Einen LAN-Anschluss hätte der Repeater ja, aber kann man den auch als Access Point benutzen oder ist der Lan-Anschluss einfach nur dafür da, einen PC dran anzuschließen??

Bei einem Access Point kommt ja das Lan REIN, für einen PC muss ja das Lan RAUS kommen.


----------



## keinnick (27. April 2014)

*AW: Internetverbindung mit dLan plötzlich extrem langsam*

Ich bin mir nicht sicher ob das funktioniert. Aber da Du die Teile ja alle zu Hause hast, würde ich es einfach mal ausprobieren. Wenn Du Dir noch andere Adapter kaufen möchtest, kann ich diese hier empfehlen, die nutze ich selbst und bin zufrieden: AVM FRITZ! Powerline 520E Set: Amazon.de: Computer & Zubehör


----------



## tachchenx (27. April 2014)

Mein Tipp : Weg mit DLan.
Ich habe mich zwei Jahre mit DLan herumgeschlagen und 5 adapterpaare durch geheizt.
Bau dir entweder ein gutes WLan oder zieh ein Lankabel


----------



## 98romi (27. April 2014)

tachchenx schrieb:


> Mein Tipp : Weg mit DLan.
> Ich habe mich zwei Jahre mit DLan herumgeschlagen und 5 adapterpaare durch geheizt.
> Bau dir entweder ein gutes WLan oder zieh ein Lankabel



Lankabel ziehen wird für mich in diesem Haus immer ein Traum bleiben, welcher nie wahr werden wird.

In anderen Worten:
Mein Vater mag es nicht, wenn ich seine Wände durchbohre und das müsste ich nicht bloß einmal, da ich nämlich vom Keller ins 1.OG muss.
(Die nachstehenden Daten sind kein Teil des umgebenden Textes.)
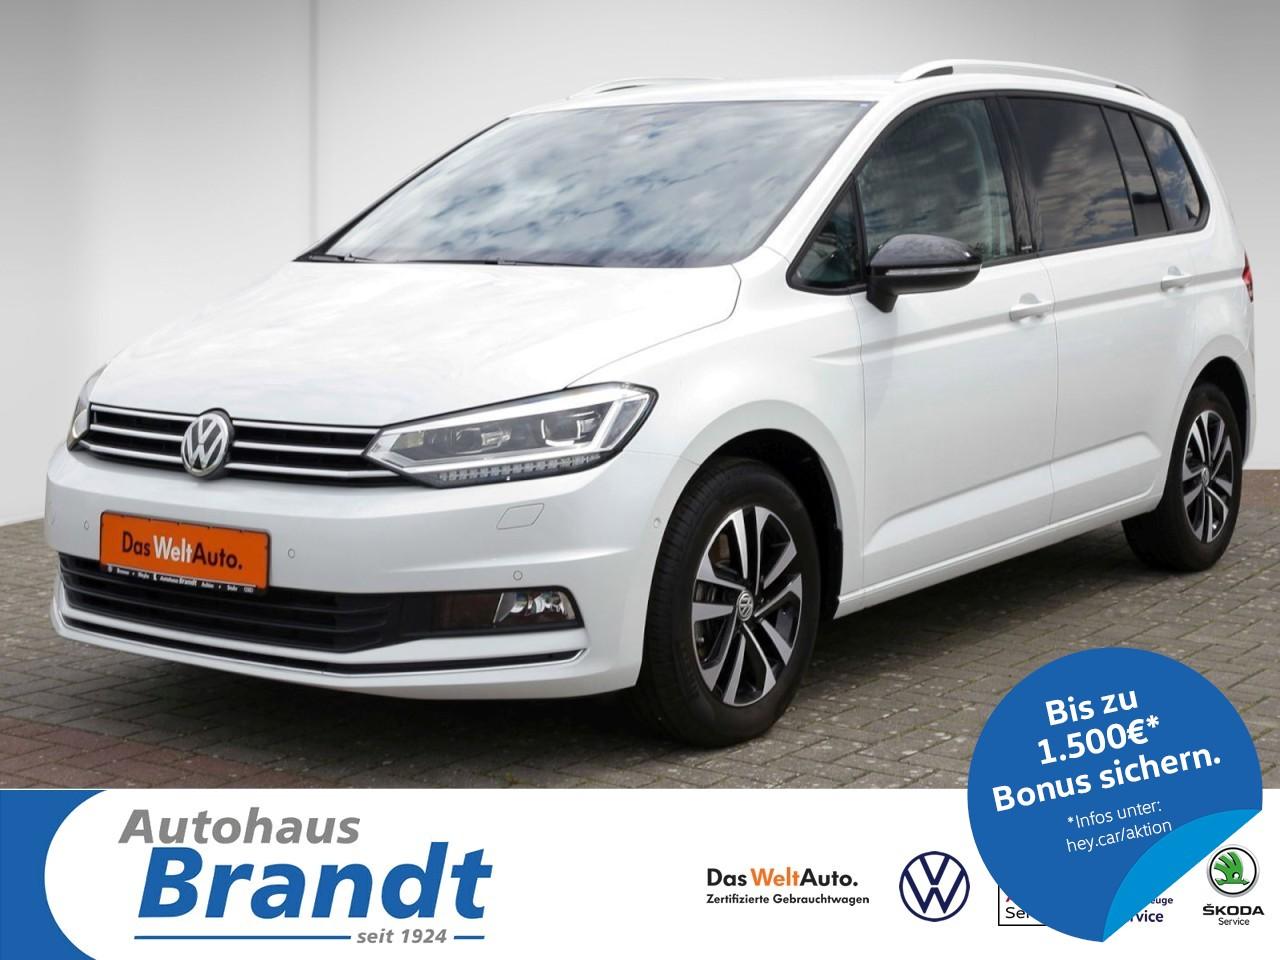 Volkswagen Touran 2.0 TDI IQ.DRIVE DSG*LED*7-SITZE*ACC*KAMERA, Jahr 2020, Diesel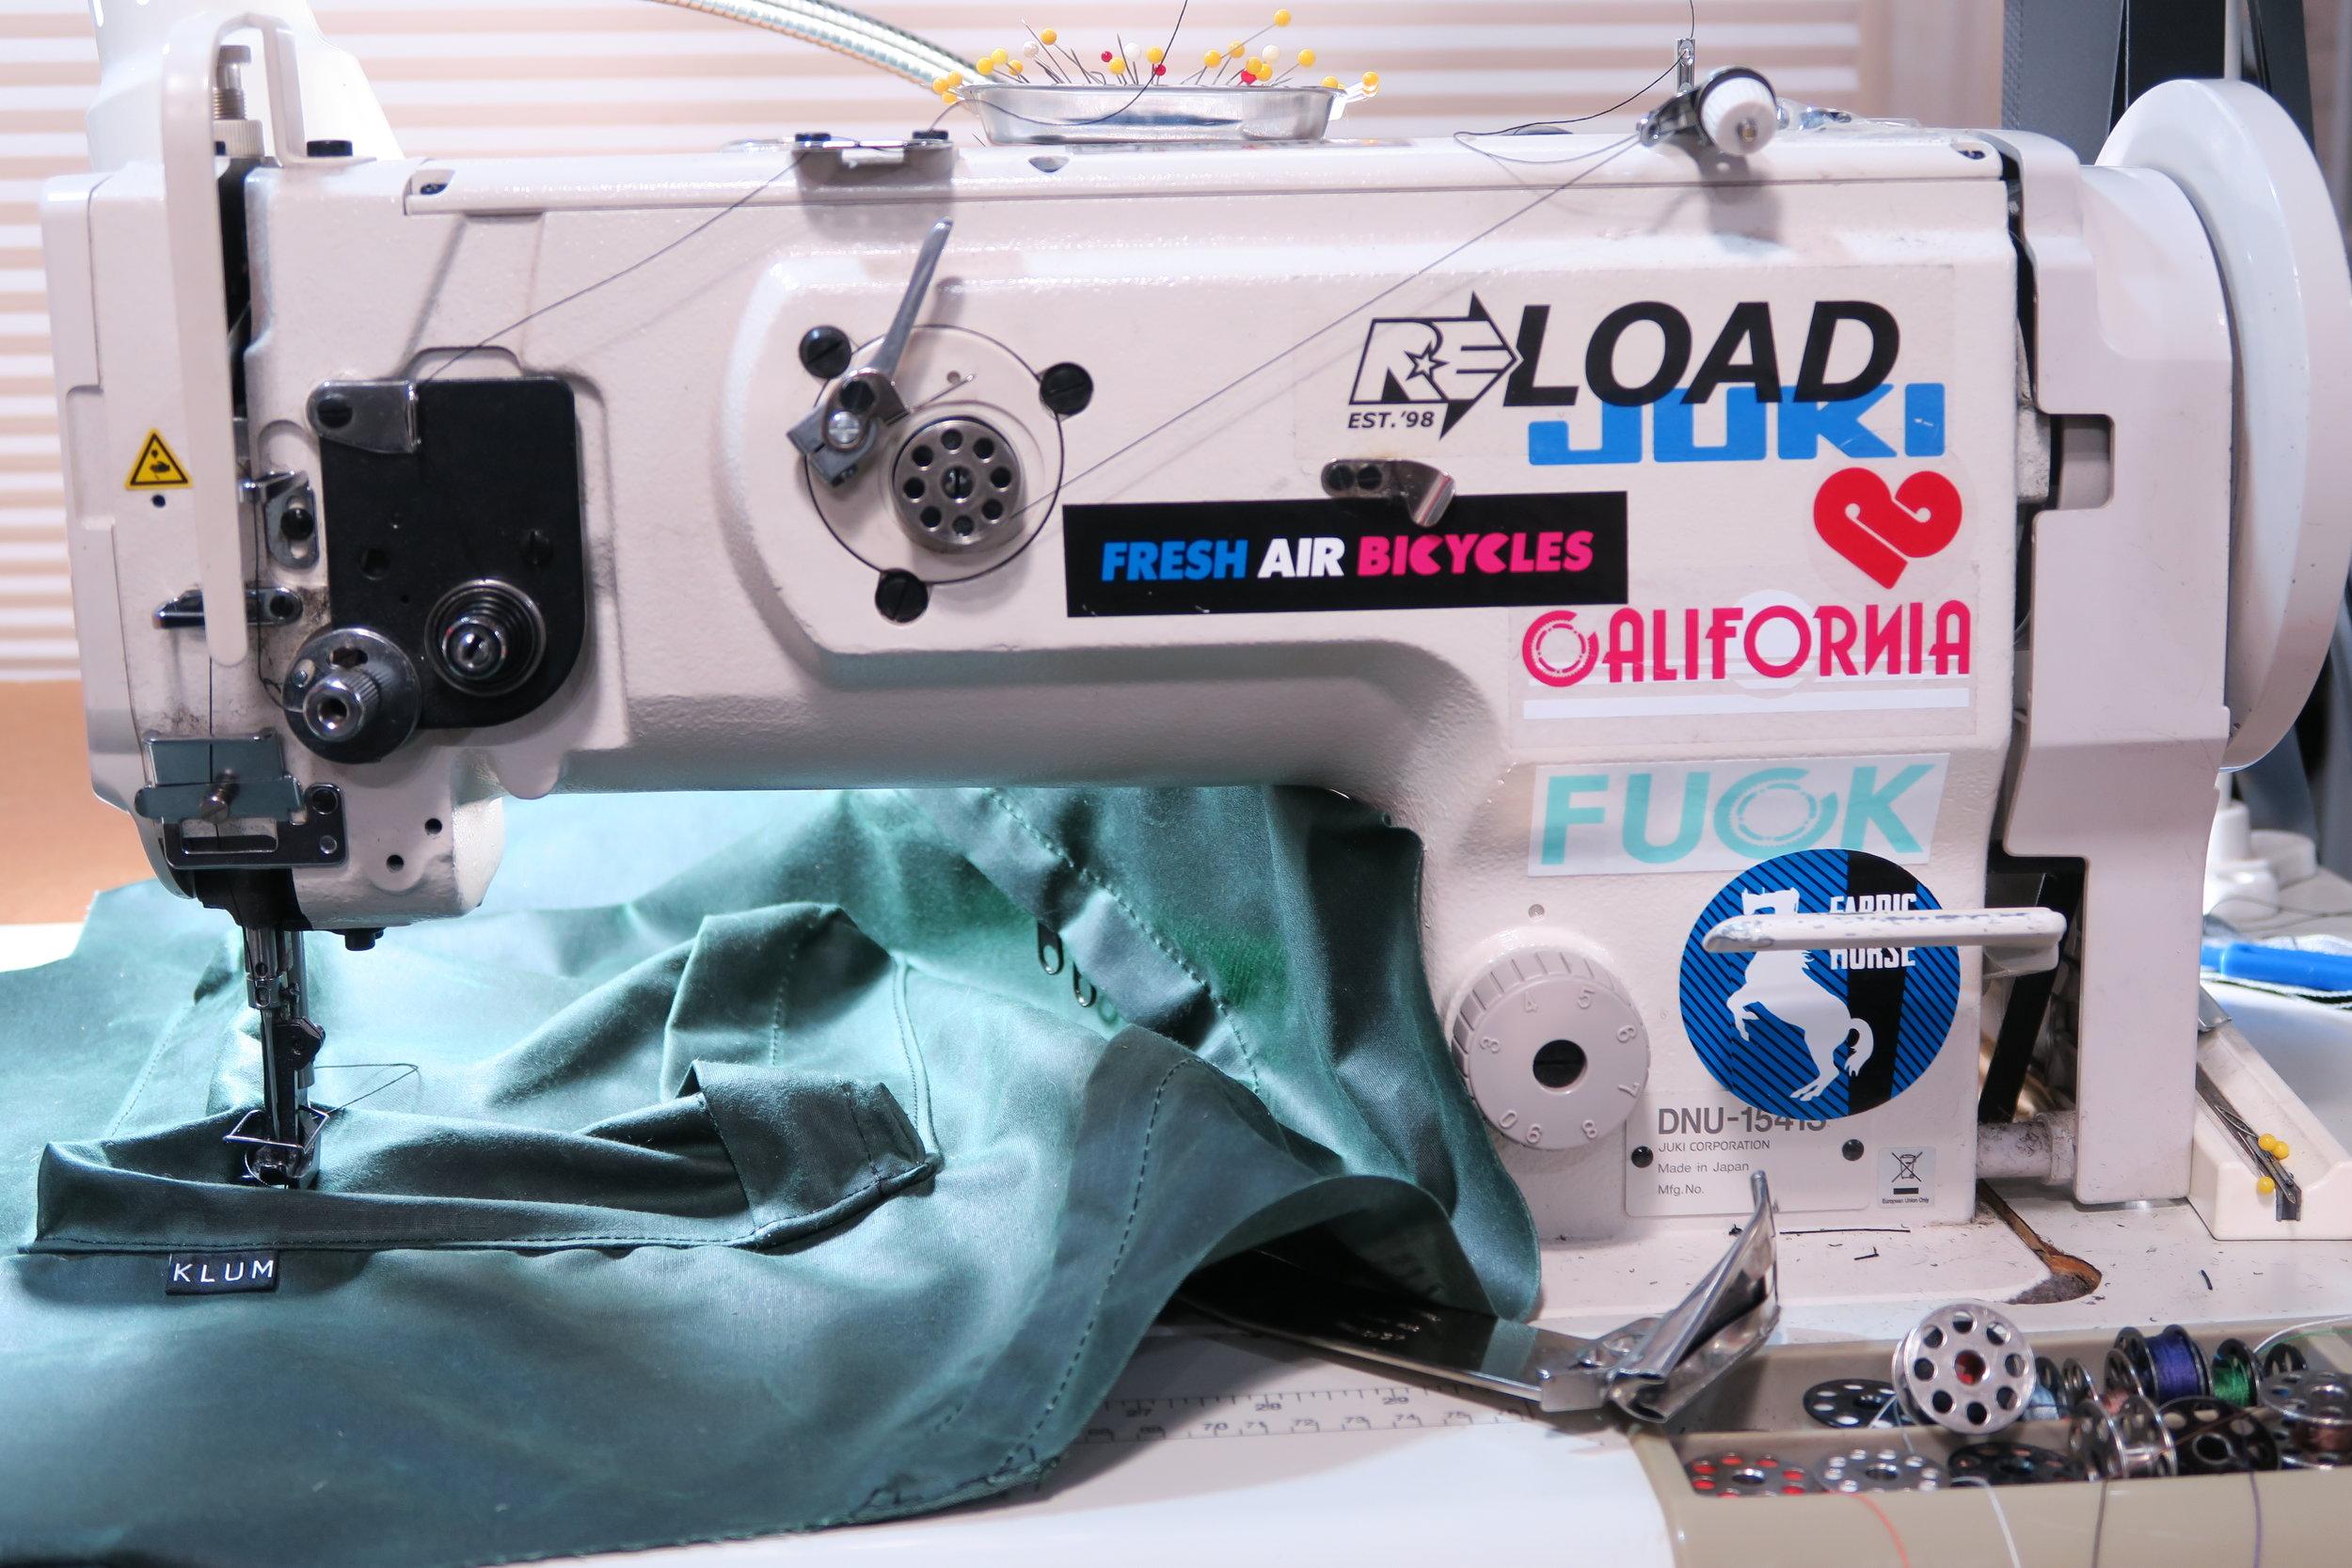 Main Sewing Machine Klum.JPG

So schlecht ist dlan übrigens gar nicht, mein Freund nutzt sie auch (vom 1.OG in den Keller, also genau andersherum als bei mir) und der kann mit den alten blauen 14mbit-Teilen super zocken 

Edit:
Ich muss halt nur noch meinen Vater überreden, dass er mir die teueren dlan-650-triple-Adapter kauft 

Nachtrag:
Habe gerade diesen Link gefunden:
http://www.avm.de/de/News/artikel/2012/neue_firmware_repeater_300e.html

Lest euch das mal bitte durch.
Kann der 300e auch als Access Point benutzt werden oder nicht??


----------



## Pokerclock (27. April 2014)

*AW: Internetverbindung mit dLan plötzlich extrem langsam*

@98romi

Bitte das Pushen des Threads unterlassen.


----------



## 98romi (28. April 2014)

@alle:
Habe gerade diesen Link gefunden:
http://www.avm.de/de/News/artikel/2012/neue_firmware_repeater_300e.html

Lest euch das mal bitte durch.
Kann der 300e auch als Access Point benutzt werden oder nicht??

@Powerclock:
Ok, ich versuche absofort weniger zu pushen, allerdings wäre es für mich auch leichter, wenn ich nicht erst immer gleich einen Doppelpost machen muss, damit jemand antwortet. Ich versuche das Pushen ja auch wirklich zu vermeiden (ich hoffe das merkt man auch), aber manchmal bleibt mir halt nichts anderes übrig. Das ist immer davon abhängig, wie lange es dauert, bis jemand antwortet


----------